What size tank? how long has it been running. Most plecos if that is what you had gotten prefer wood and supplemental feeding.


----------



## SMOOOZZZ (Sep 24, 2012)

its a 30 gallon tank and its been running for about 7 weeks


----------



## Gizmo (Dec 6, 2010)

Chinese and siamese algae eaters are great bottom feeders for semi-aggressive tanks, as they themselves are also semi-aggressive.


----------



## susankat (Nov 15, 2008)

What kind of store did you get them from? Lfs or Lps? If it was a store like petco or petsmart, its not unusual to get them that are weak from mass production, shipping or just plain sick from all the handling they go through.
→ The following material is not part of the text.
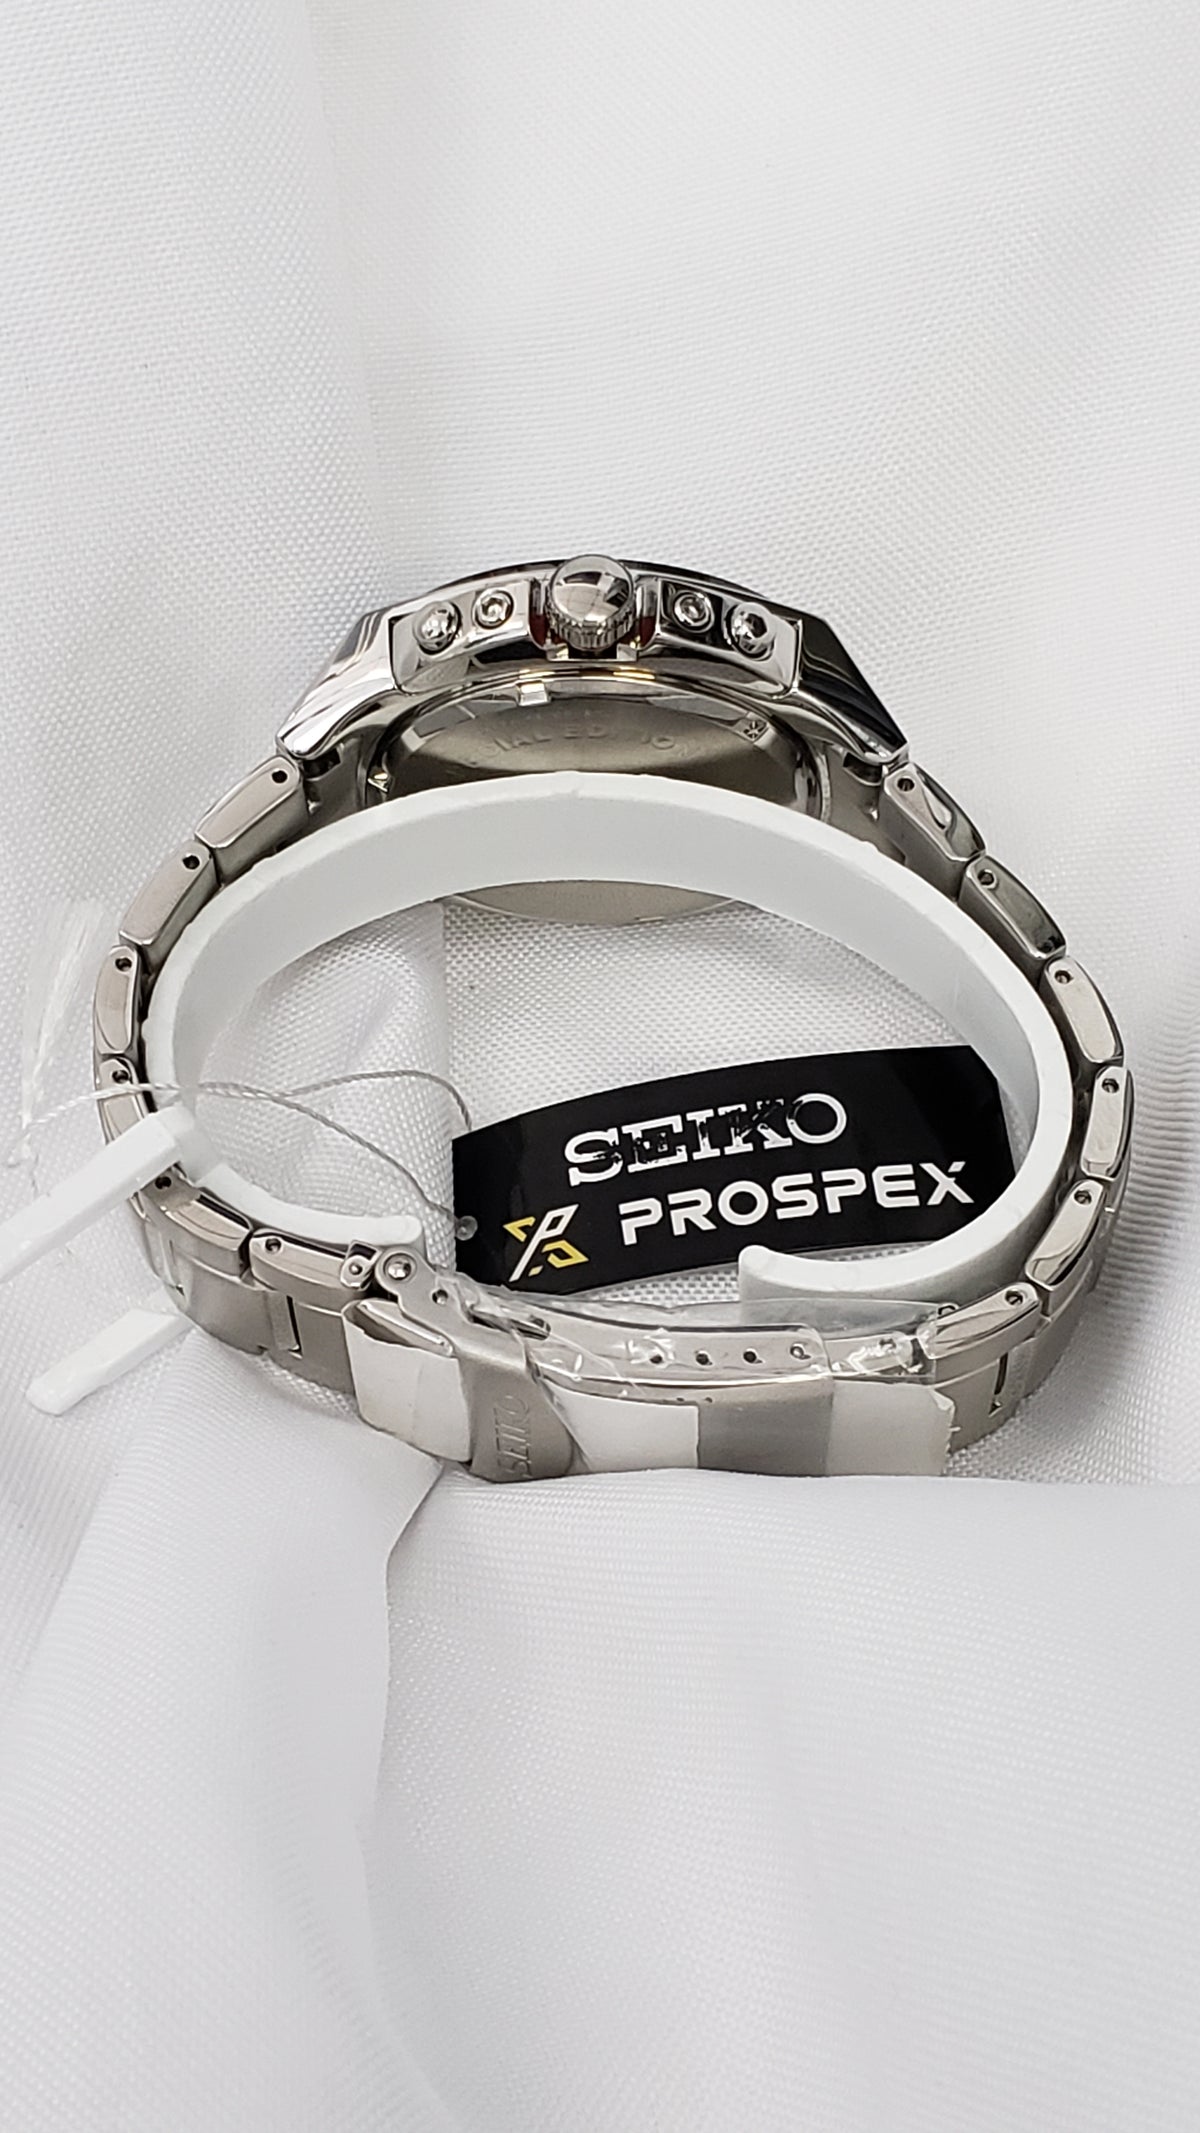 New Seiko Prospex SSC549 World Time Chronograph
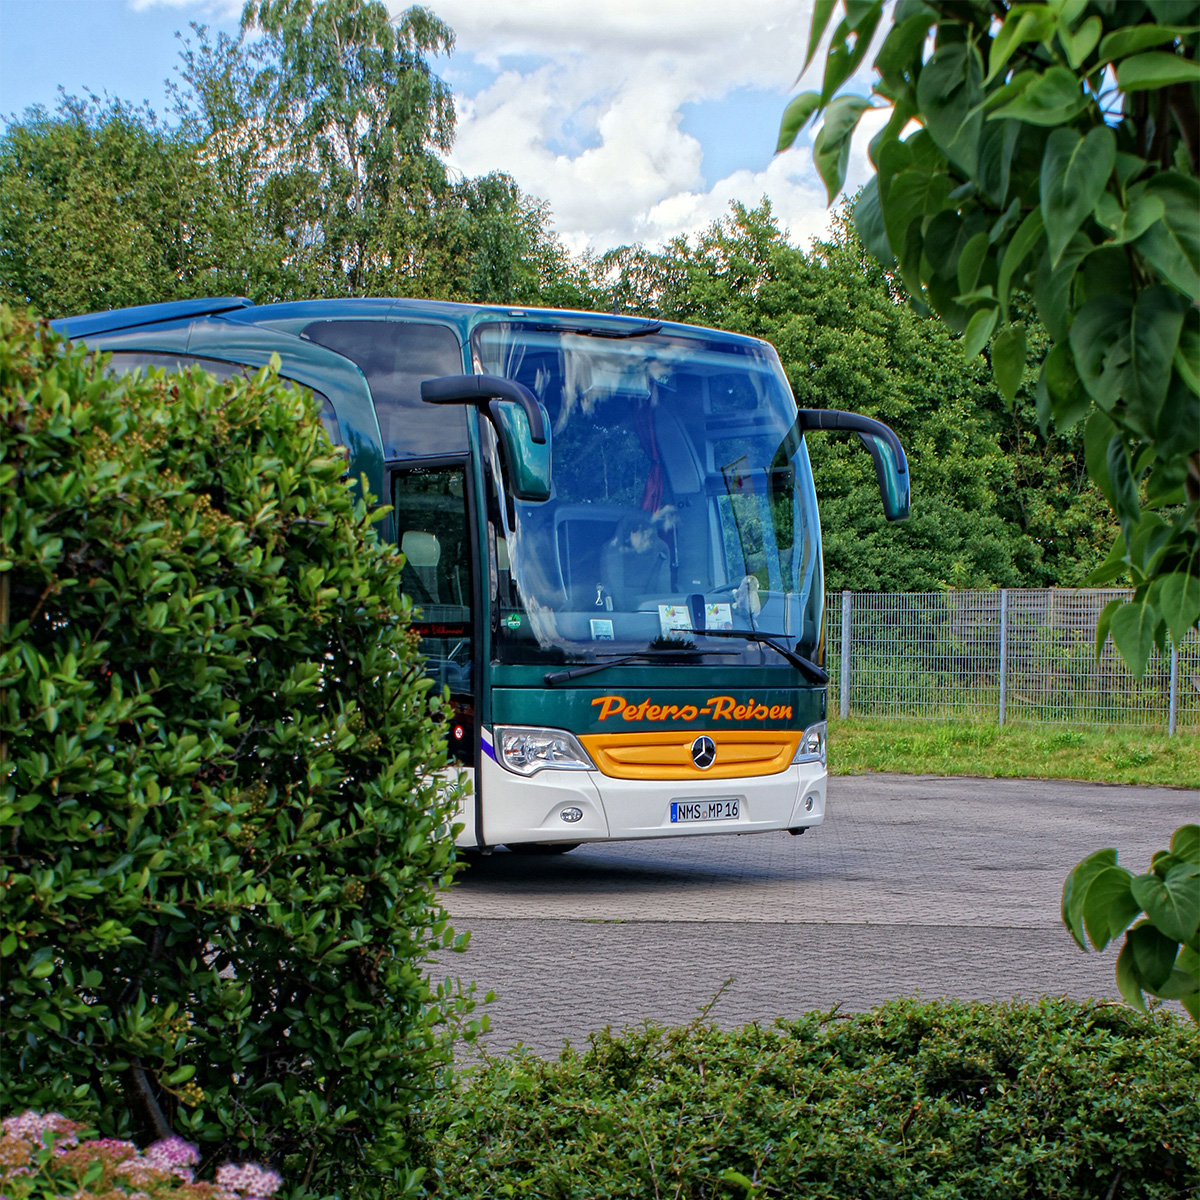 4 Sterne Peters-Bus - Tourismo (14m), 52 Sitzplätze (80 cm Sitzabstand)

If they were common plecos, even one would end up to big for your tank. Healthy plecos should start eating within a couple of days of adding to the tank. In a tank that size I would look into either bristlnose plecos or SAE's for algae control. Or even a couple of mystery snails. Make sure they are acclimated right. If there is a difference in ph and such from the place you get them from to your water that can also cause fish to die. Learn to drip acclimate. There is a sticky on it here on this forum.


----------



## rift lake (Nov 8, 2012)

I add one green wafer every other night after the lights go off for additional food for the pleco, since my fish are all carnivores. And add some driftwood to graze on


----------



## Donald Hansen (Jan 21, 2011)

As was said it sounds like you had a Pleco, short for Plecostomus. If you would like to find out more about them and other algae eaters look in the Thread "What Algae Eater Is Right For You? Look Inside!" which is in this Forum, fifth from the top. Listen to what Susankat and others have to say and you can't go wrong.

DLH


----------



## ovoxo_mik3 (Dec 3, 2012)

SMOOOZZZ said:


> Hi All,
> 
> Well I feel lucky to have found you after weeks of not knowing why my fish were dying and no fish store were helpful I found out about Cycling through your forum, it was successful and now we have happy semi agreesive fishies!
> 
> Now my question to you is bottom feeders, we purchased one I don't know the name of it but dark color in which sticks its mouth on everything possible. Well he wasn't eating hiding and died 4 days later. The fish store sold me food that dropped to the bottom but the other fish were getting to it first and I didn't see that he was even trying to eat, he looked depressed, I'd like to get another one or maybe two but I want you'r opinion. What did I do wrong did we not have enough algae? and maybe he just doesn't belong with the type of fish I got, please help.*c/p*


What I would suggest is throwing in a few algae wafers every day or so. That usually guarantees that they will have something to eat.


----------



## rtmaston (Jul 14, 2012)

I agre it is a Plecostomus and like the other post said throw a algae tablet in every couple days.


----------



## jrman83 (Jul 9, 2010)

You can't just throw in wafers and be done with it. Wafers can make a mess in your tank if they are not being eaten and they do not need them but every few days, not every day. Just be careful with them.


----------